The sister city relationship between Hot Springs and Hanamaki officially began with an official signing ceremony of the sister city agreement on January 15, 1993. In order celebrate that date, an open house will be held on Monday, January 15 at the new Sister City Office, 108 Pleasant Street. Members of the community are invited to drop by the office between 2 p.m. and 6 p.m. to see one of the most recent gifts from Hanamaki, an exhibit of works by Japanese artist Kunio Izuka. The exhibit celebrates the writings of Kenji Miyazawa, and an identical exhibit can be seen in Hanamaki. The exhibit is sponsored by members of the Hot Springs National Park Sister City Foundation Board of Directors.

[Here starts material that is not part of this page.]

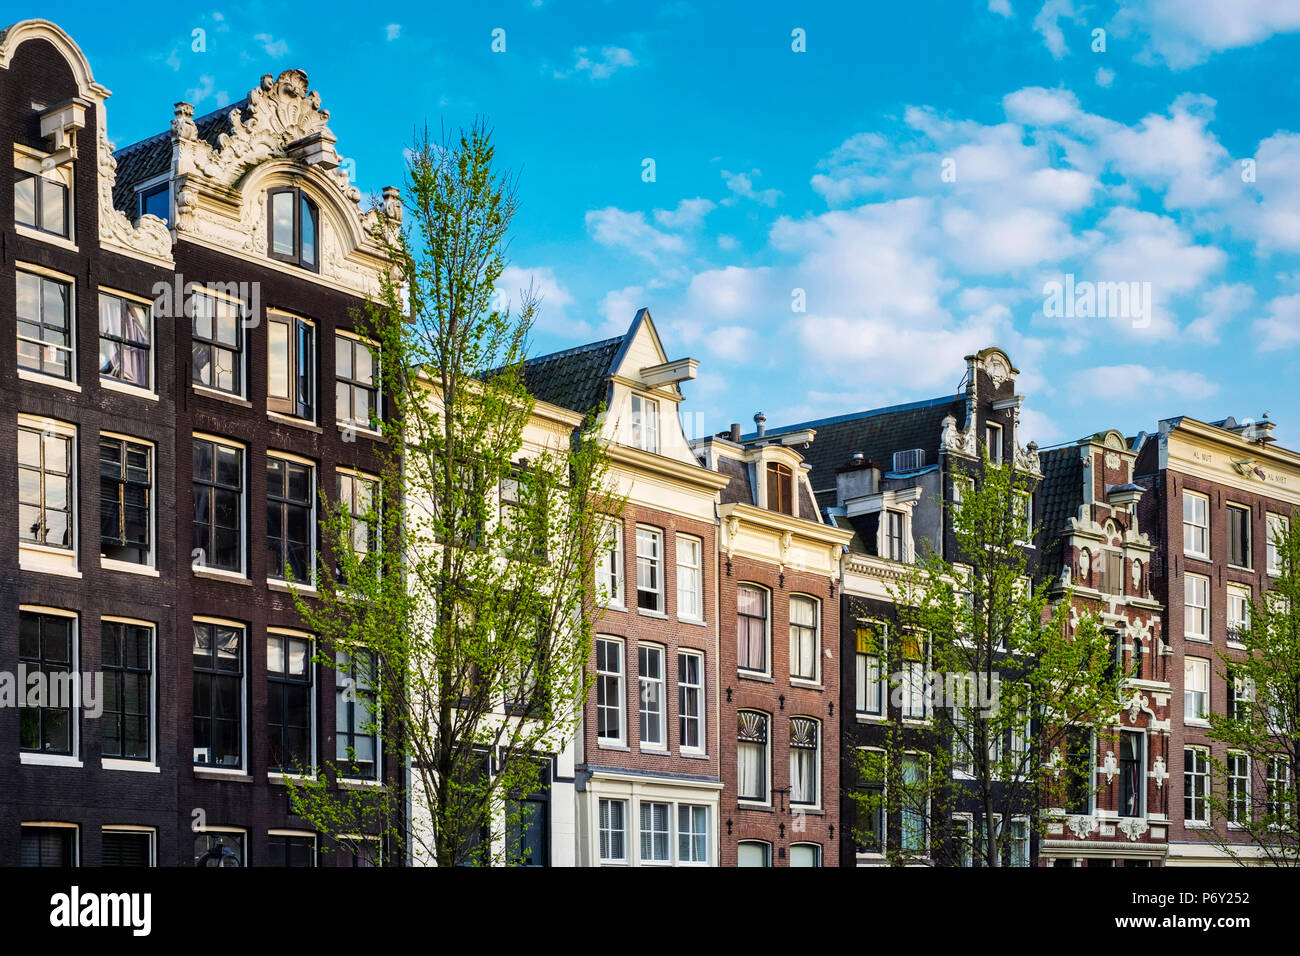 Niederlande, Amsterdam. Die Fassaden der Häuser auf den Kanal Oudezijds Voorburgwal Kanal. Stockfoto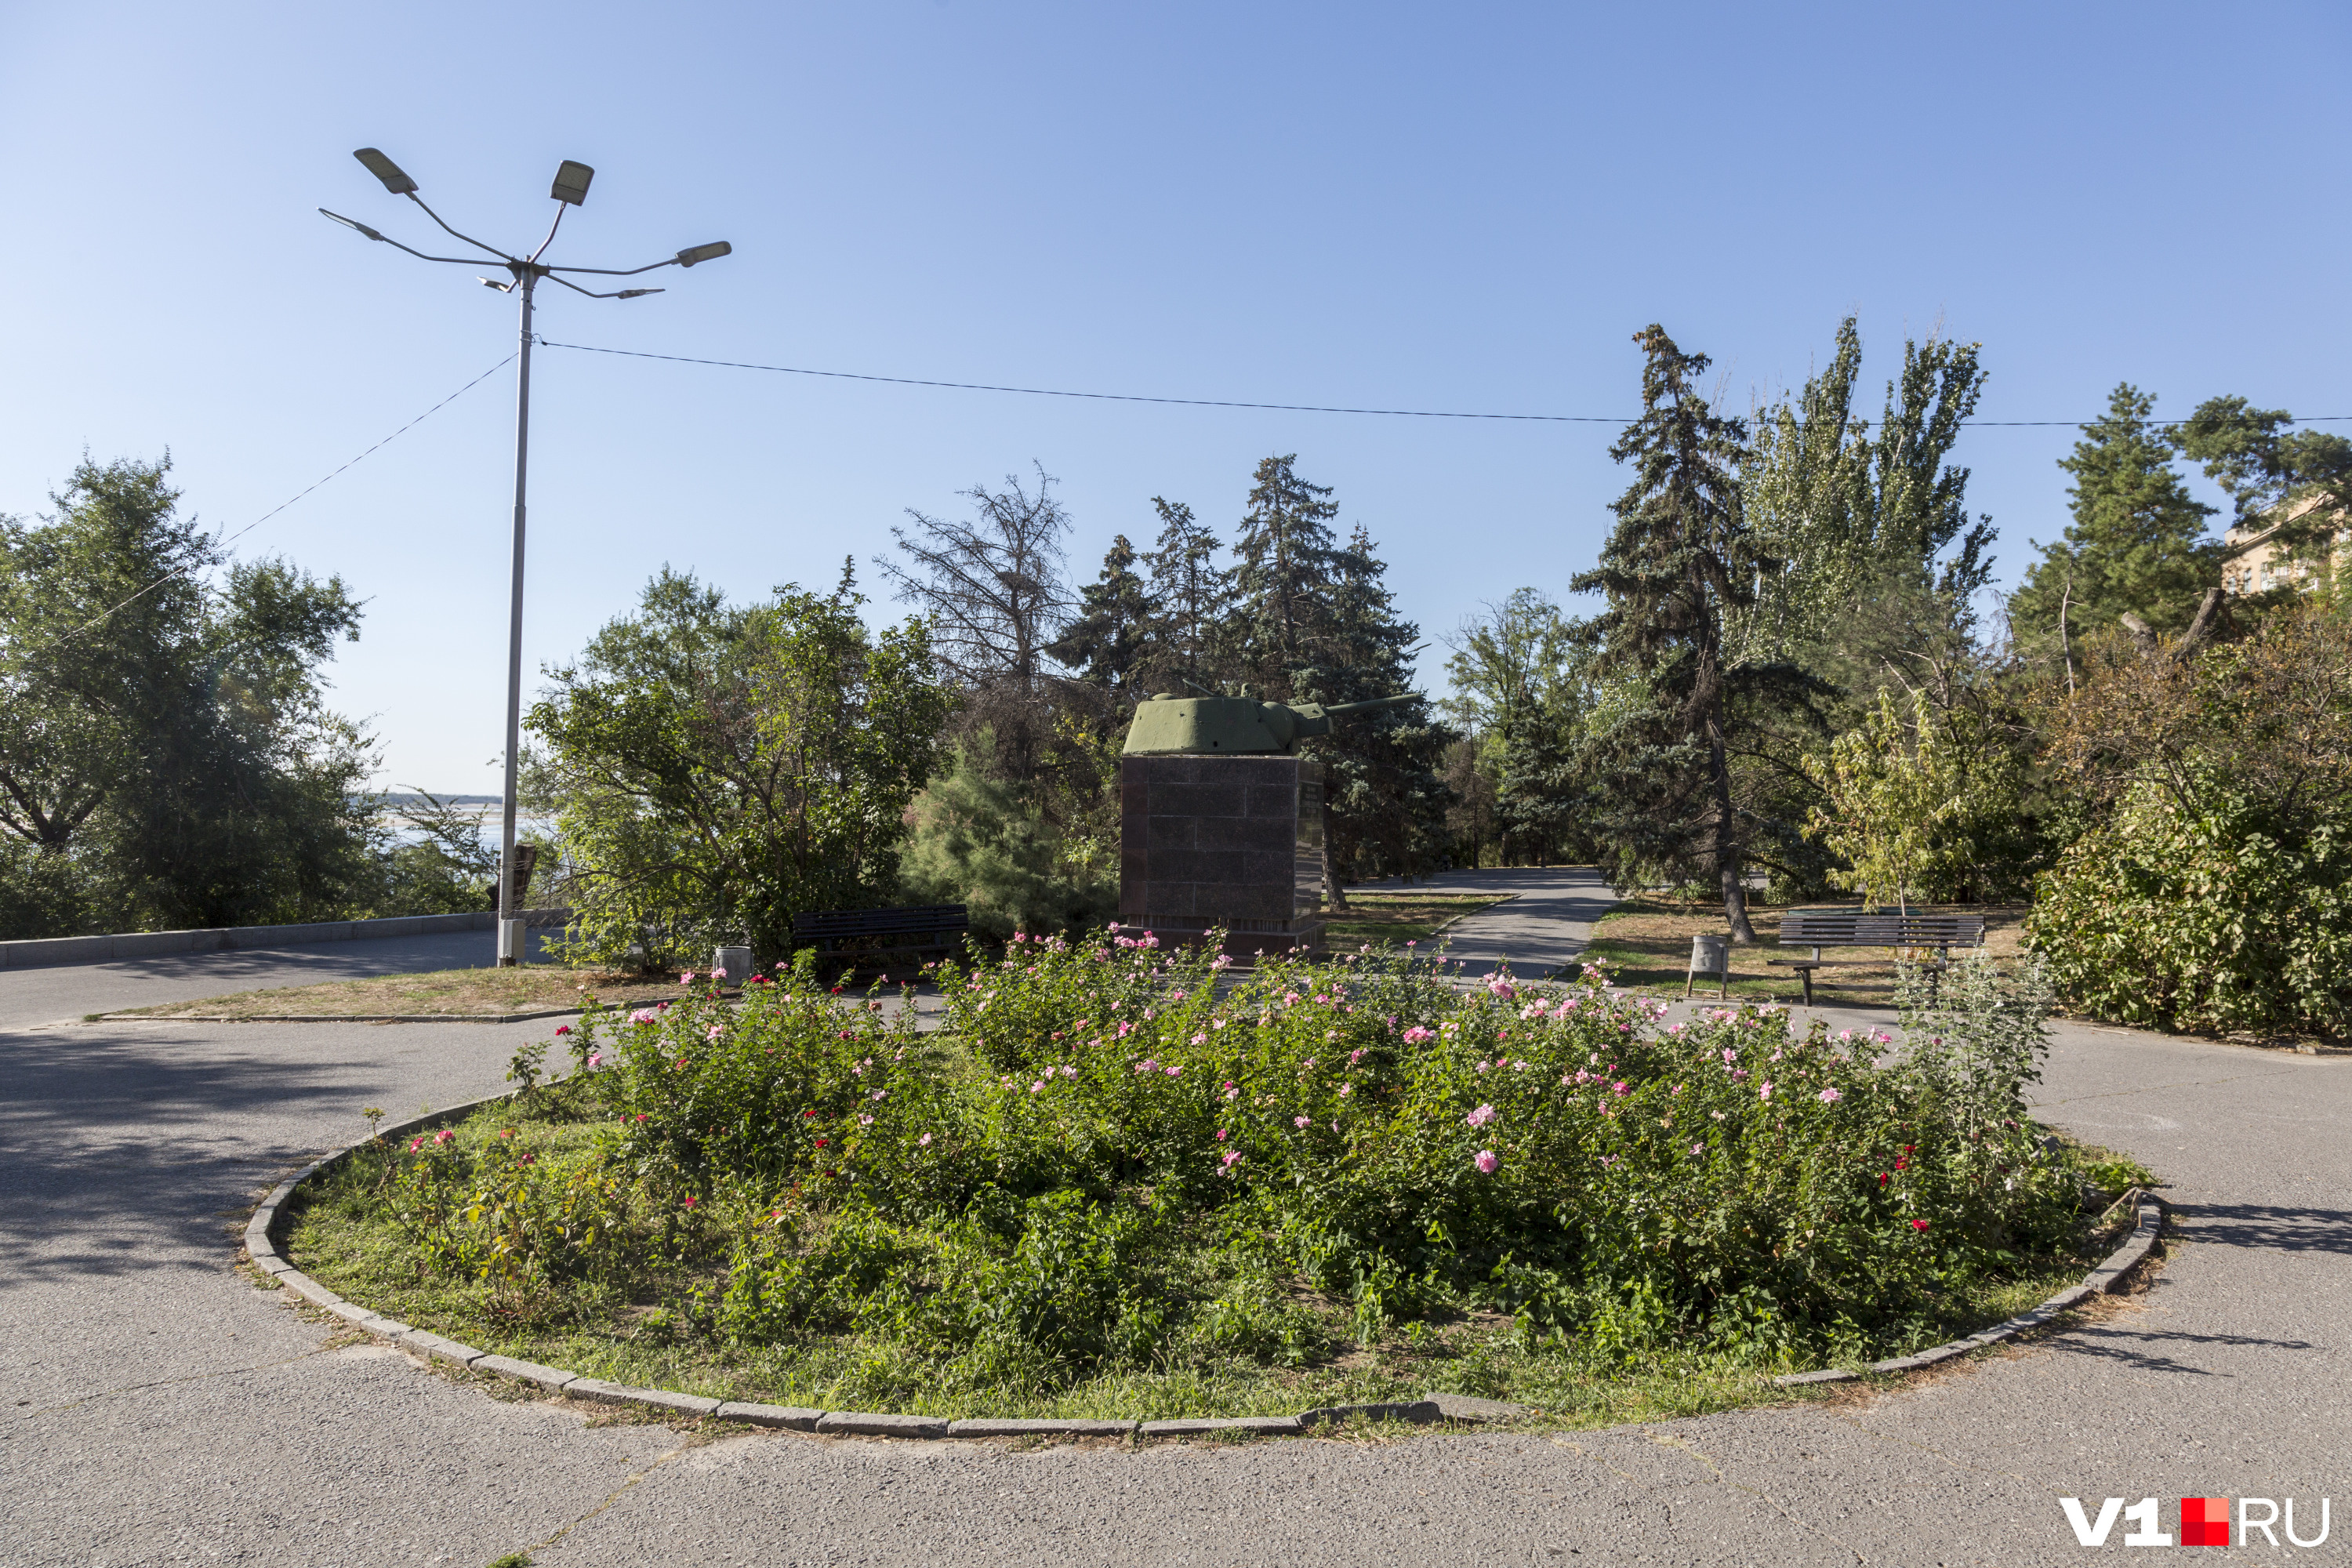 Сорняки вместо ухоженных клумб давно уже иллюстрируют заботу администрации Волгограда о городе

The open house will also offer visitors an opportunity to find out more information about 25th anniversary plans. Visitors are welcome to share their ideas of how best to celebrate 25 years of friendship between the two cities. Those with photos that they would like to share can bring them to the open house. The photos can be scanned and added to the sister city photo collection, where they can be used in a slideshow to commemorating 25 years of friendship. The photo on the left is Mayor Melinda Baran signing the sister city agreement on behalf of the City of Hot Springs.
Kunio Izuka was born in Tokyo, Japan in 1936. He studied at the Otis Art Institute in Los Angeles and moved to New York in 1964, where he taught sculpture and established the Japanese Artists Association of New York. As president of that organization, he continues to encourage the next generation. In 1998, he was awarded the Konjohosho award by the Japanese government for his cultural contributions.
Izuka has been creating anti-nuclear paintings in his Brooklyn studio for 30 years. Conversely, the source of this rage comes from his strong yearning for peace and a time of calm. Izuka calls for humanitarianism through his depiction of icons portraying the purity in female figures, nudes embodying maternal love, and birds symbolizing hope. As a painter, he created his distinct two-dimensional expression and made prints using a variety of techniques.